- [Exercise prompt]
Exact copies of all the lines below are needed, without the pictures.

- [Data segment]
-- -- --

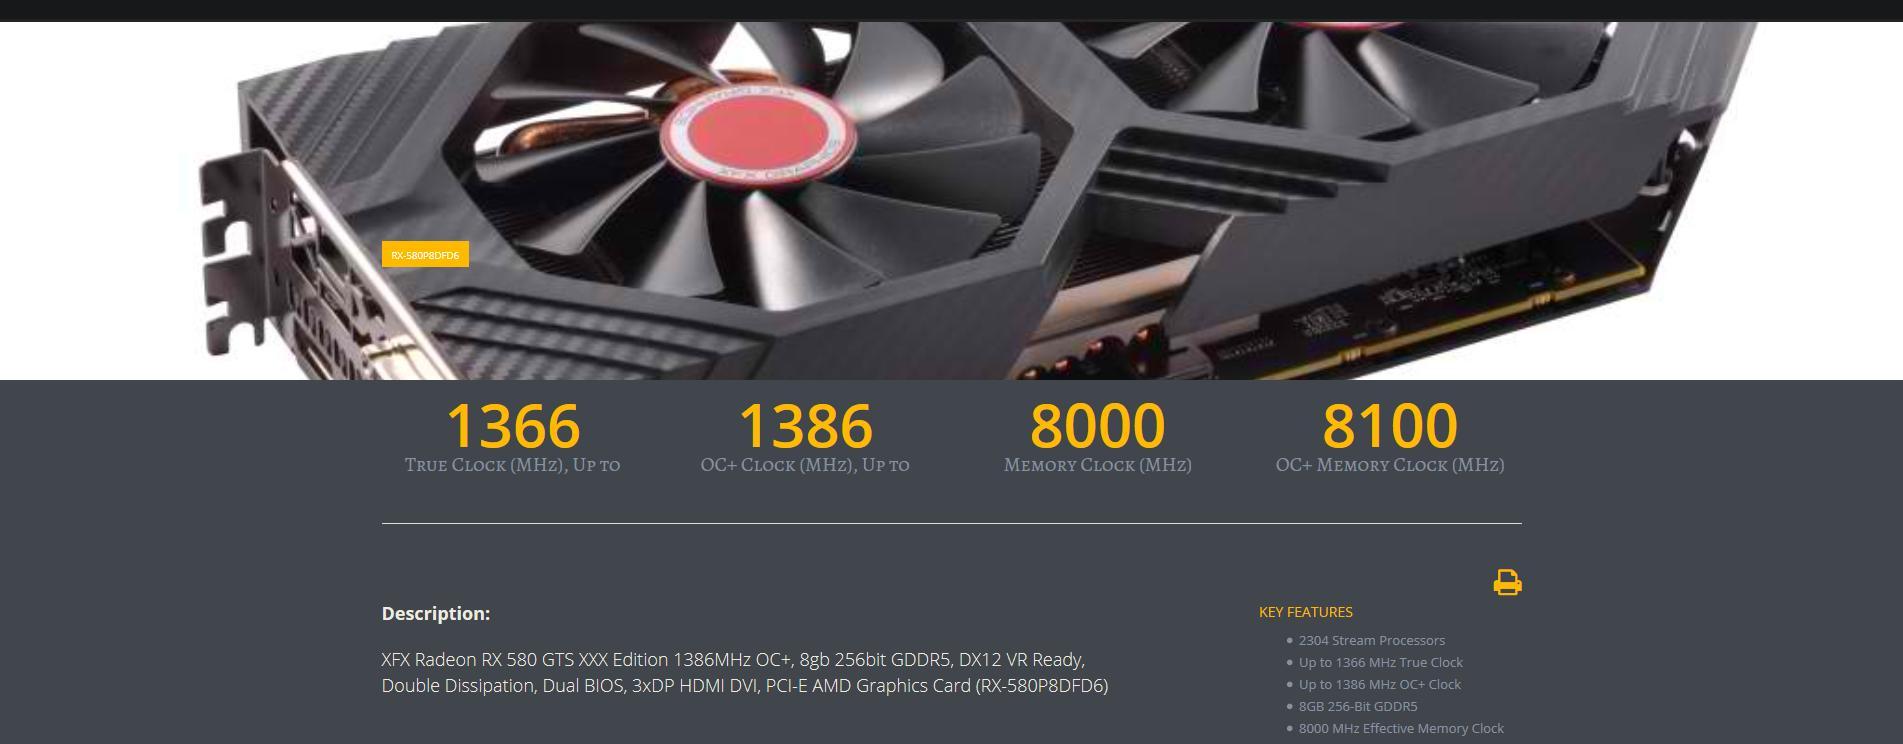 XFX RX580 8GB DDR5 GTS XXX Edition
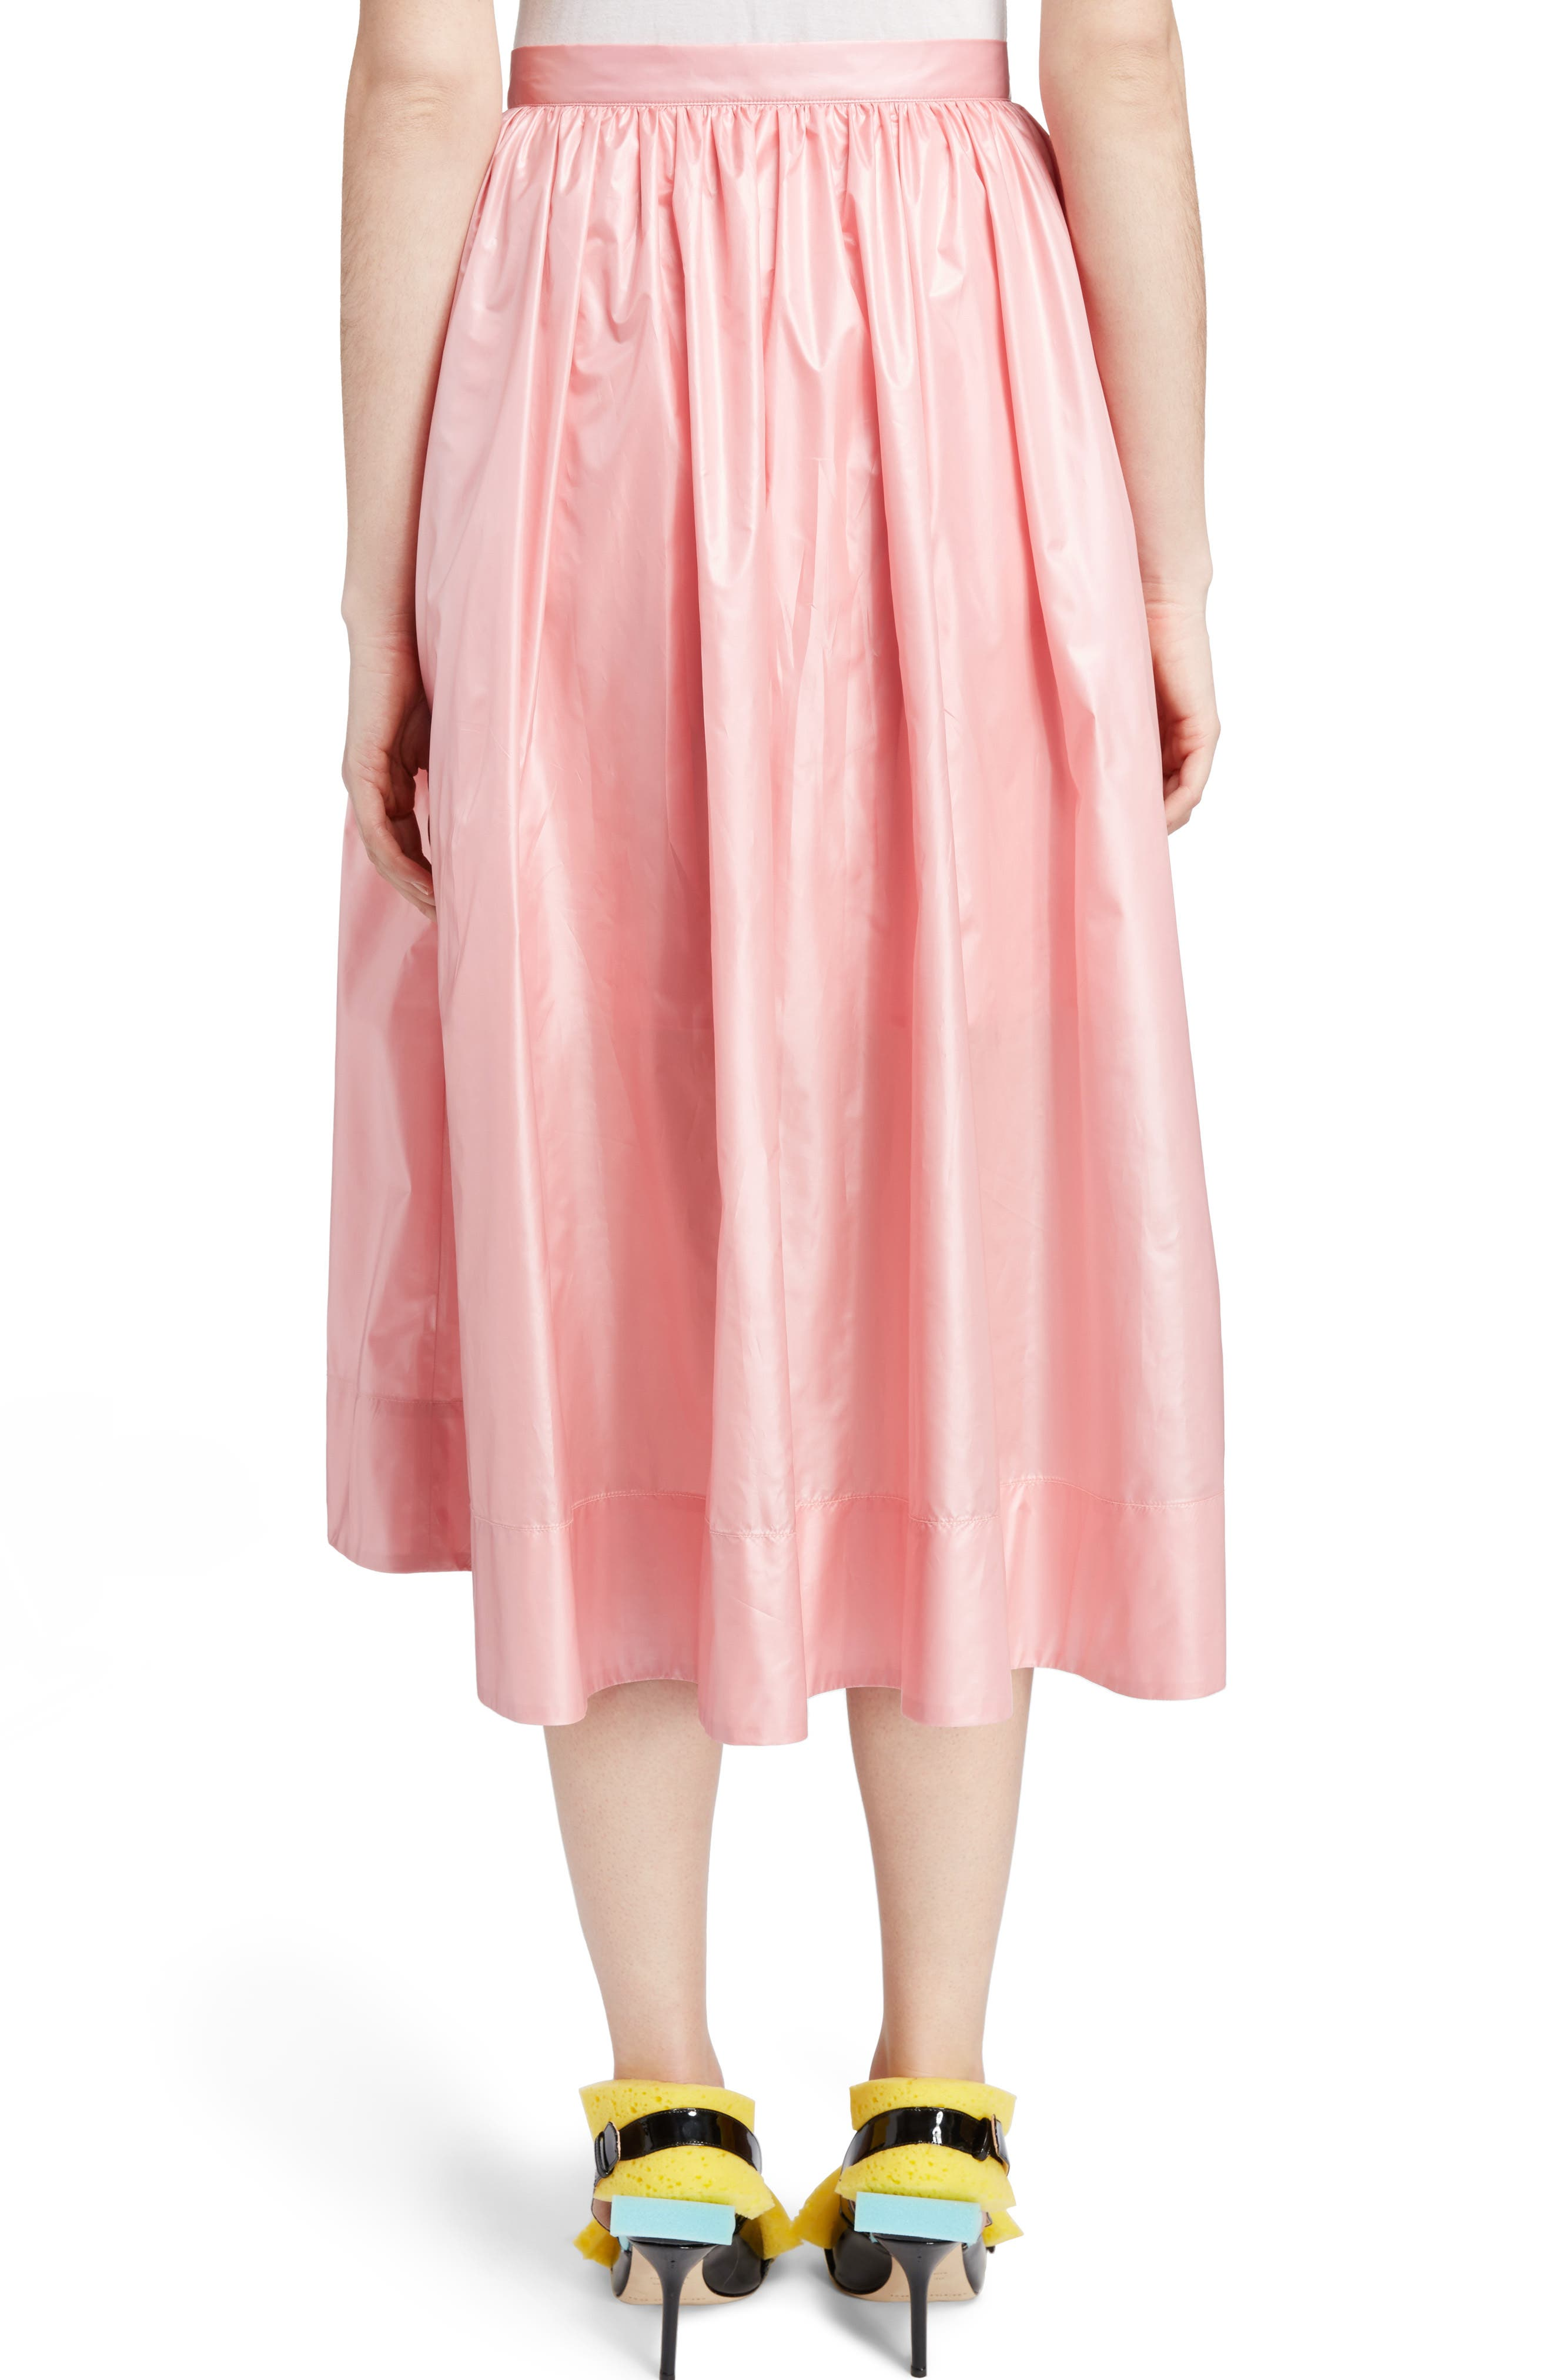 Nylon Parachute Skirt,                             Alternate thumbnail 2, color,                             650
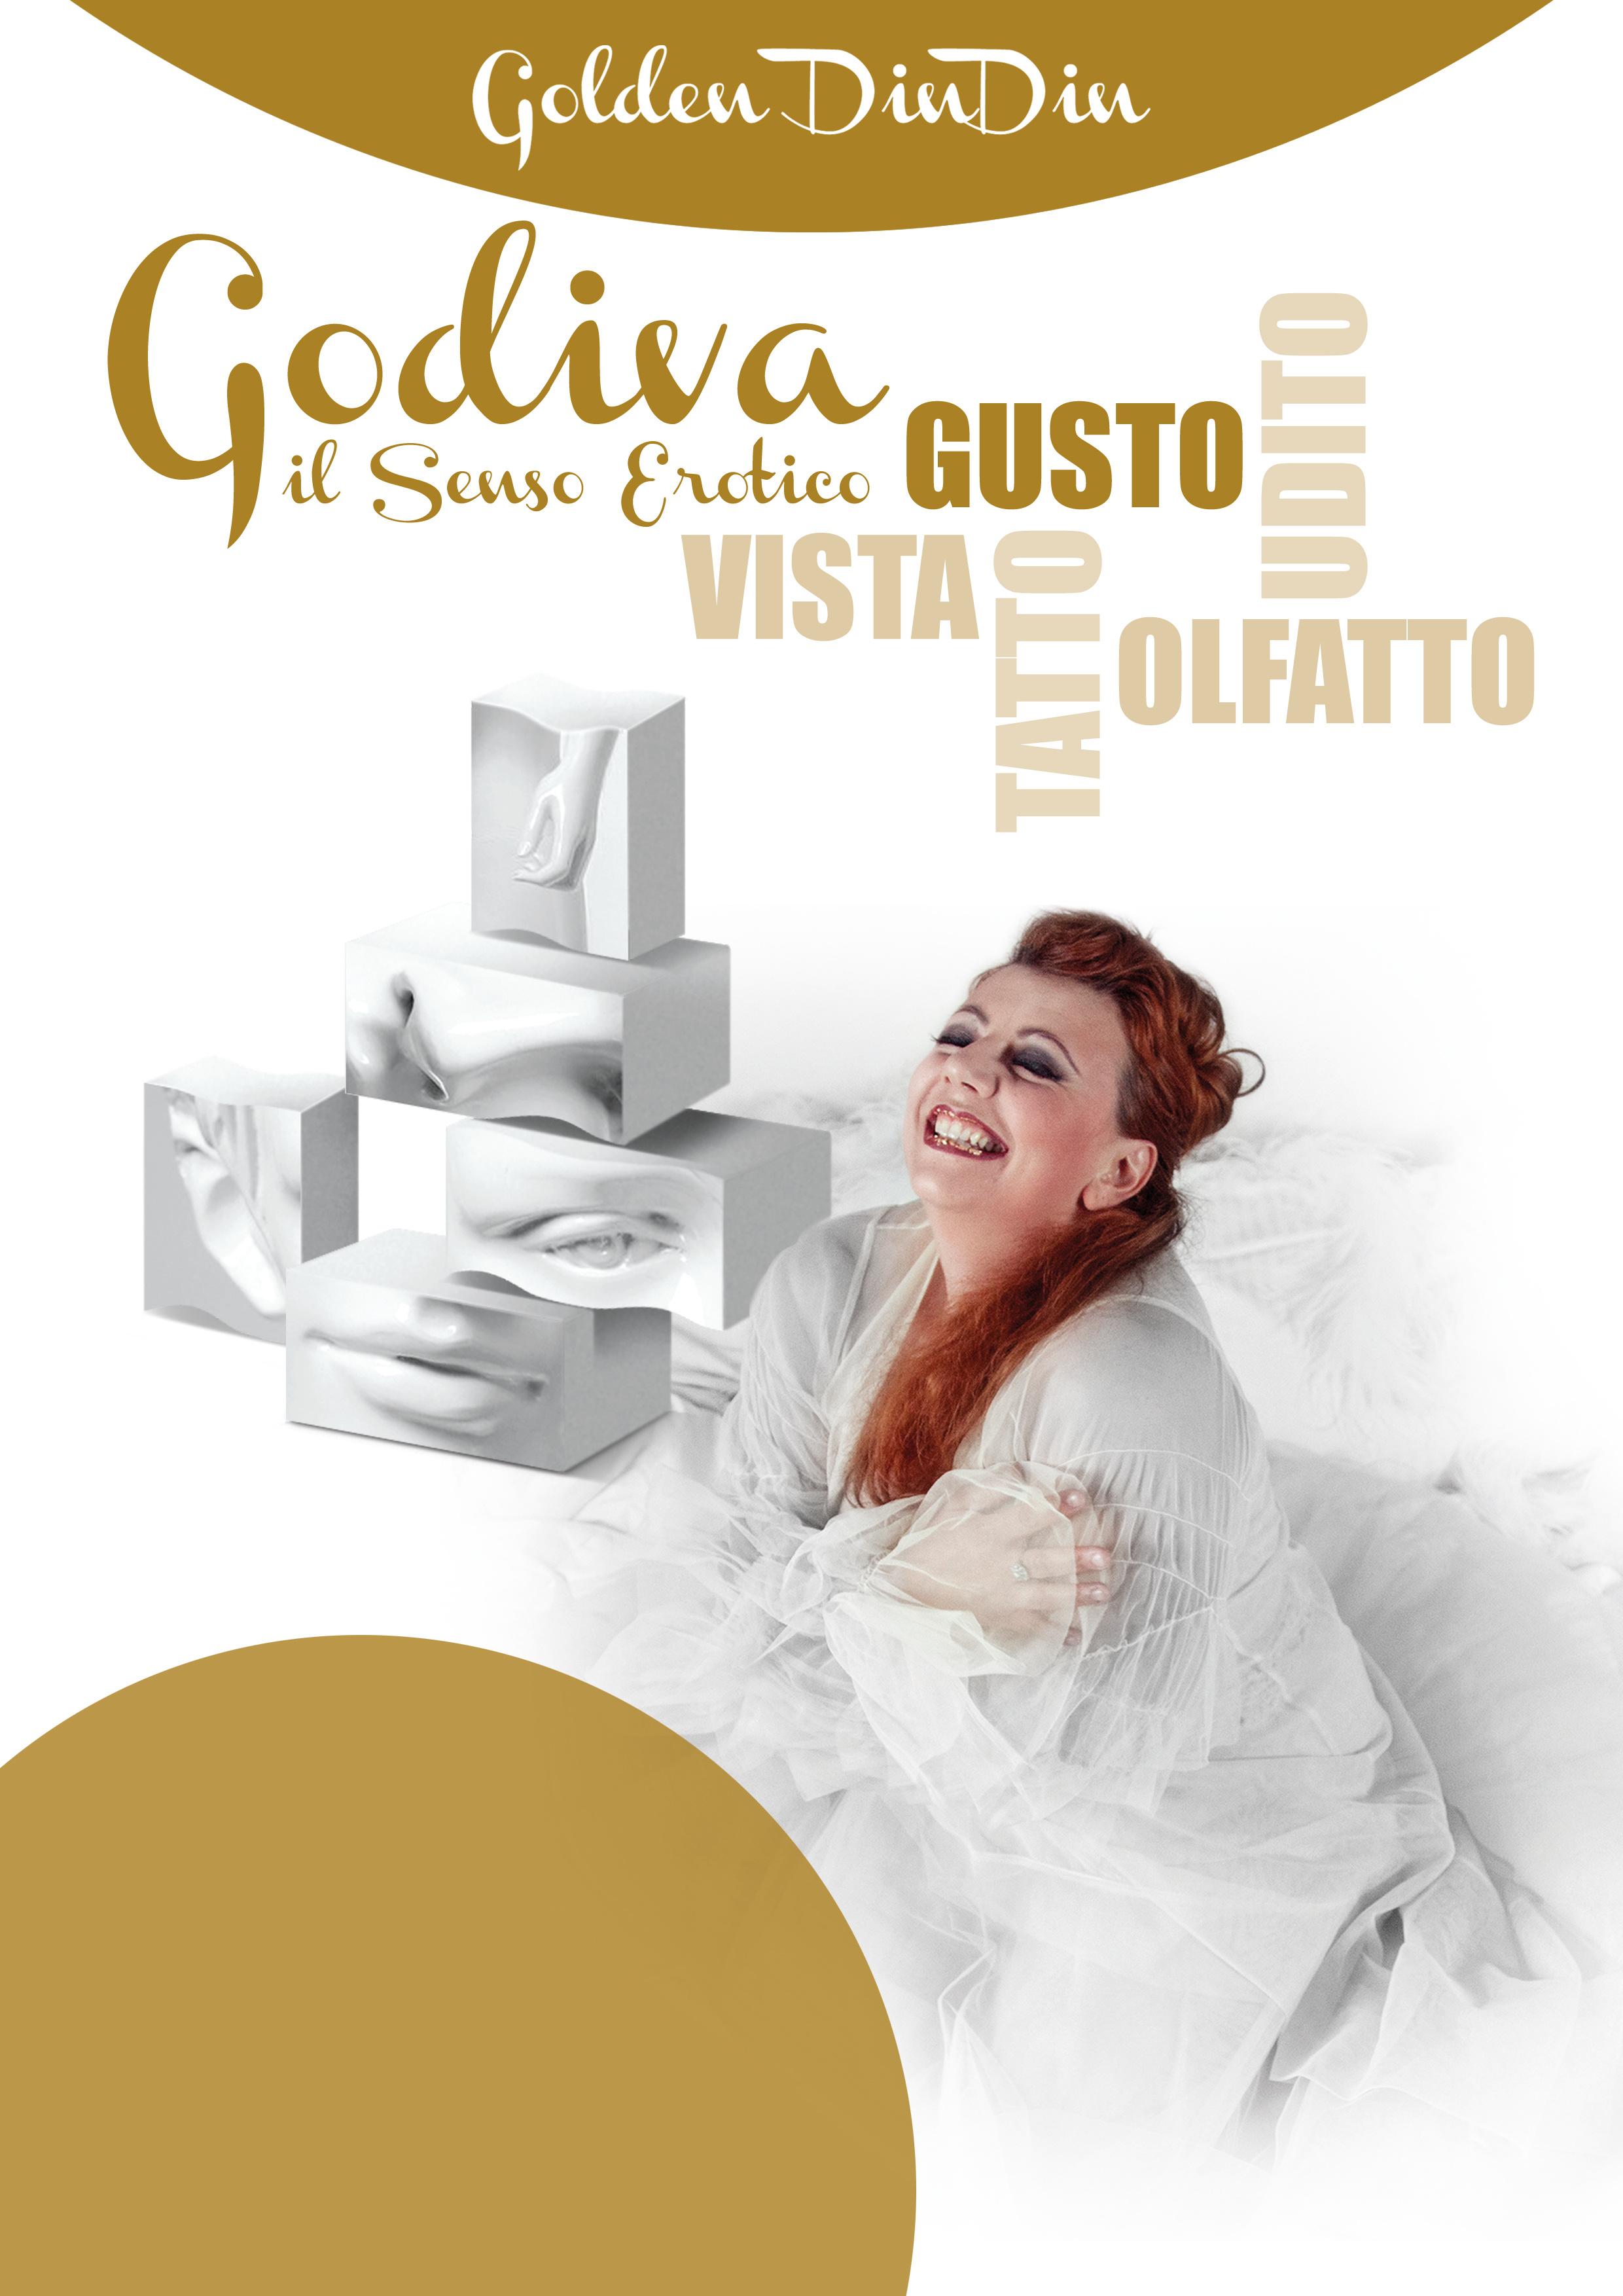 Godiva_locandina_sensi_neutra_bollo

-- -- --

- [Result for this exercise]
 XFX RX580 8GB DDR5 GTS XXX Edition
 Nylon Parachute Skirt,                             Alternate thumbnail 2, color,                             650
 Godiva_locandina_sensi_neutra_bollo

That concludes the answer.